Risate del pubblico, di tutti. Aveva provato Erwin a stemperare ma subito la sua espressione tornò cupa, come l’annuncio che stava per fare.
“Vincere tre titoli Slam per me è un sogno. Era impensabile pochi mesi fa, quando ero fuori dalla top100. Era ancora più impensabile dieci anni fa, quando iniziai a giocare i primi futures in Sud America. Non avrei mai potuto senza l’appoggio di mio padre”. Applausi di tutto l’Arthur Ashe.
“Lui ha dato tutto per me; mi ha cresciuto da solo, mentre lavorava. Mi ha sostenuto finanziariamente, moralmente. Mi ha dato fiducia, seguito per i tornei, non ha badato a spese per darmi un avvenire, ipotecando quasi tutto quello che aveva per pagarmi allenamenti, accademie, trasferte, iscrizioni”
“Oggi vorrei tanto festeggiare con mio padre, ma non è possibile. Ha lasciato questo mondo 6 anni fa per una malattia. Ma un pezzo di lui in campo c’è sempre”. Alzò la mano che teneva l’orologio perché fosse ben visibile a tutti. “È lui che mi ha regalato questo orologio. Per la mia prima apparizione Slam, a Parigi. Un mese prima di morire. E per questo lo porto in campo sempre. Perché quando gioco e mi guardo il polso, guardo negli occhi mio padre, e ricordo tutte le cose che mi ha insegnato”. Una lacrima cominciò a scendere sulla guancia sinistra di Siles.
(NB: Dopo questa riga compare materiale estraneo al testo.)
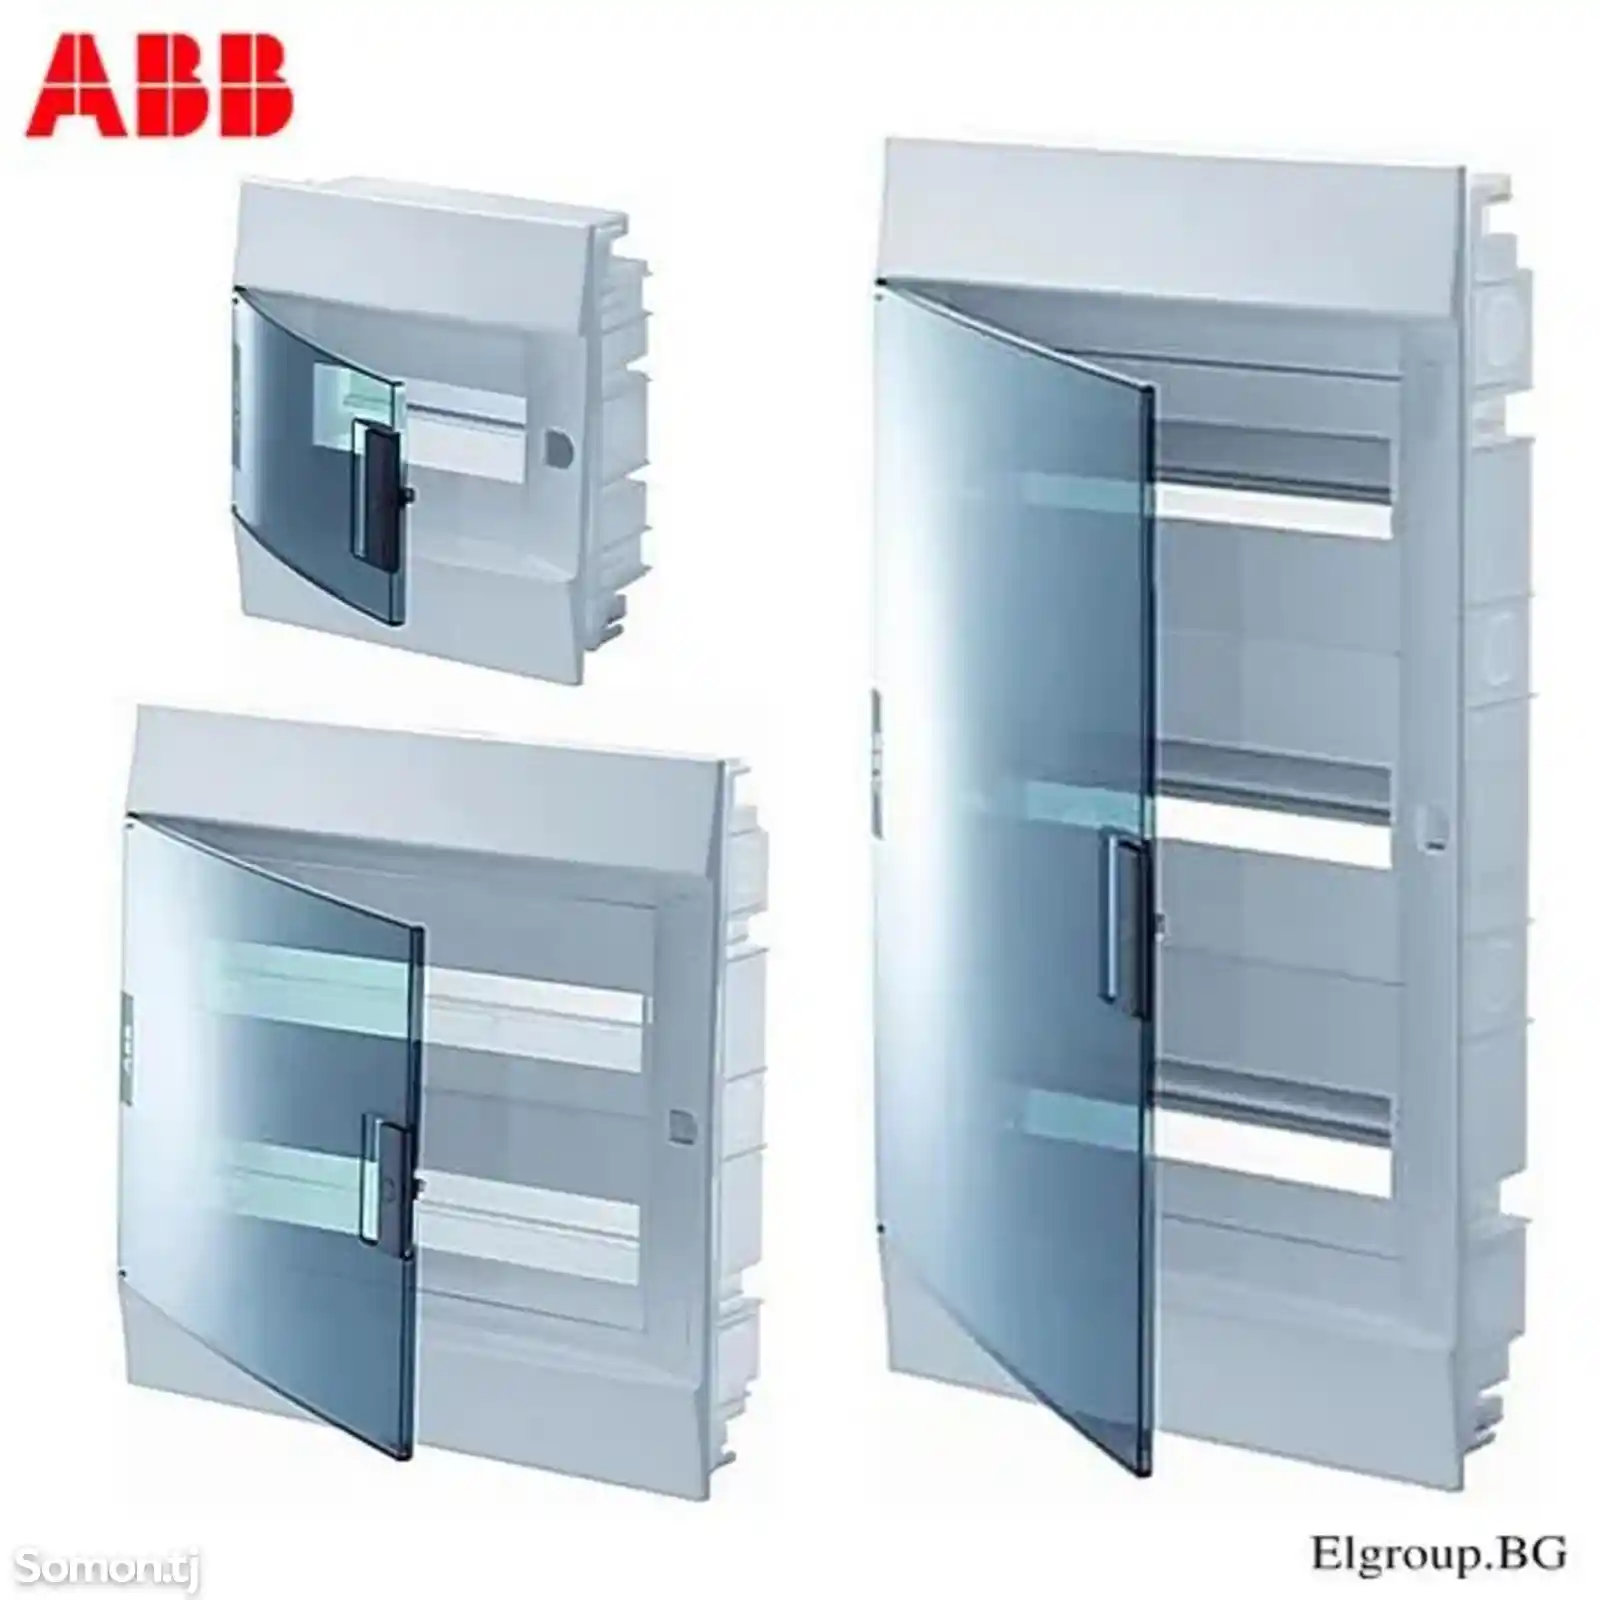 Щит ABB Basic E для скрытого монтажа, прозрачная серая дверь, 24 модул-1

“Mi ha insegnato a lavorare duro per ottenere i propri traguardi. Mi ha insegnato la sportività, la rettitudine. E a essere contento di ogni cosa che si ha. Ed è per questo che ho deciso di ritirarmi dal circuito tennistico: quella che si è appena conclusa è stata l’ultima partita della mia carriera”.